En esta institución, como en cualquier otra, se cometieron abusos, incluso por parte de los eclesiásticos. La primera en sufrir de ellos fue la Iglesia, como se ve por Cauchón, que, desprovisto incluso de jurisdicción sobre la Doncella, colaboró con la política feudal inglesa, quizás más por ignorancia crasa —terrible defecto en un obispo— que por crueldad o malicia. Caifás existe y existirá siempre.

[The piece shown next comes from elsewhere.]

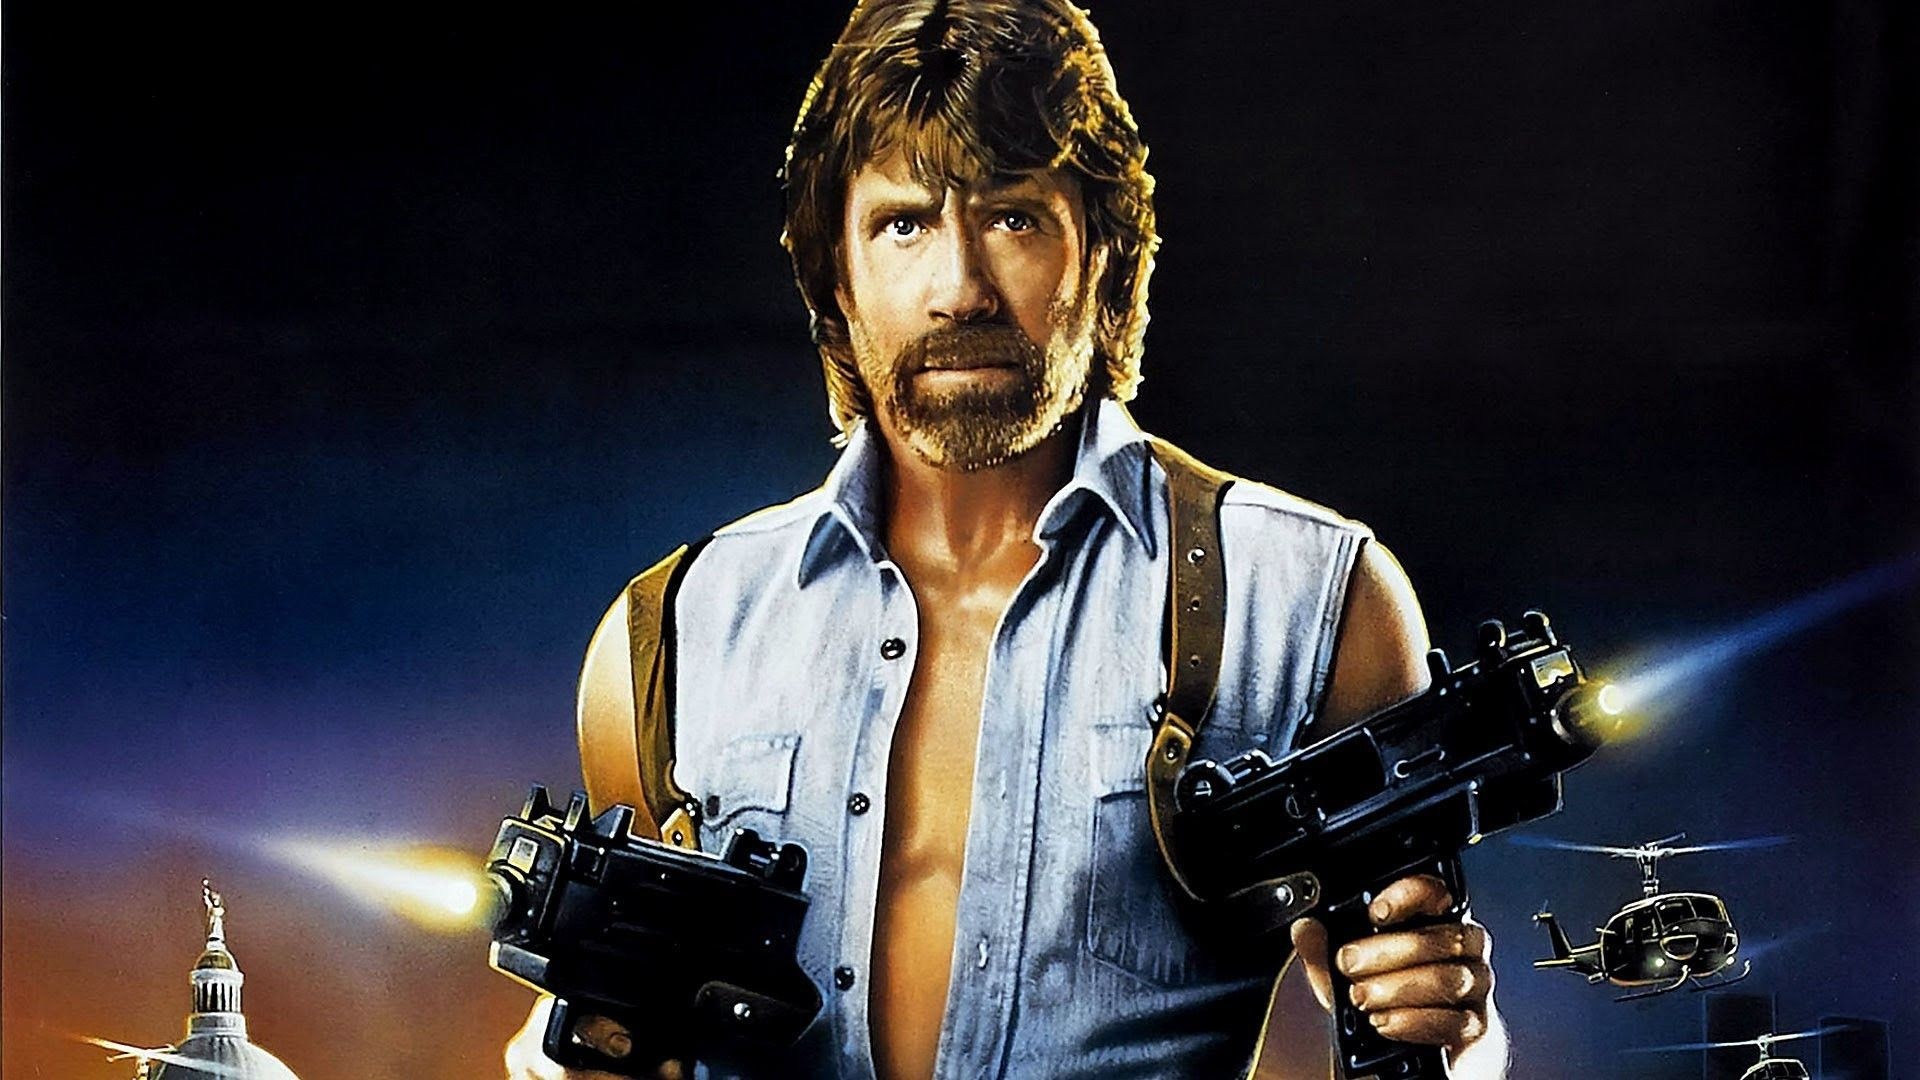 Chuck Norris, Action movie legend, Martial arts master, Exciting wallpapers, 1920x1080 Full HD Desktop

Los casos de Galileo y Giordano Bruno, según nuestra opinión, dañaron a la Iglesia; pero la reacción que provocaron en ella misma marcaron el fin de la Inquisición Romana. Urbano VIII sufrió más con el asunto Galileo que el mismo “barbero toscano”; el cual no sufrió mucho, según se dice; antes bien, su fama europea y su carácter moral salieron levantados del proceso.
“I torti e le ingiustizie che l‘invidia e la malignitá mi hanno machinato contro, non mi hanno travagliato ne mi travagliano’’, dice en carta a Elia Diodati, el 7 de febrero de 1634.
Gíordano Bruno, dejado aparte su talento filosófico, era un temperamento anárquico y asocial. Sus errores teológicos —profesados por Escoto Erígeña y otros en medio del mayor poderío de la Iglesia— jamás lo hubiesen conducido a la hoguera, si no hubiesen sido pie de su actividad antisocial: antiautoritaria; anarquista, como diríamos ahora.
Aunque la mentalidad moderna no lo perciba, hay ideas que son tan peligrosas como las bombas; y el hecho de ser filósofo no privilegia a nadie a destruir la autoridad legítima.
De todos modos, la intervención de la burocracia eclesiástica en los dos procesos no careció de defectos y fue miope y aun cruel. Tuvo que abrir los ojos ante la reacción del mundo intelectual europeo y enterarse de que una nueva época, mejor o peor, había comenzado. “Ce vilain tribunal de l’lnquisition sous lequel presque toute la chretienté gémit”, decía Pascal en 1656.
Estos dos mártires informes, lo mismo que sus hermanos mayores Juana de Arco y Boecio, con los millares de mártires de la Historia, no prueban otra cosa sino que la actividad política existe y es necesaria, que la Iglesia tiene sus pies sobre ella —a veces un poco empantanados en ella— y que es una cosa riesgosa y seria, con la cual no se puede jugar.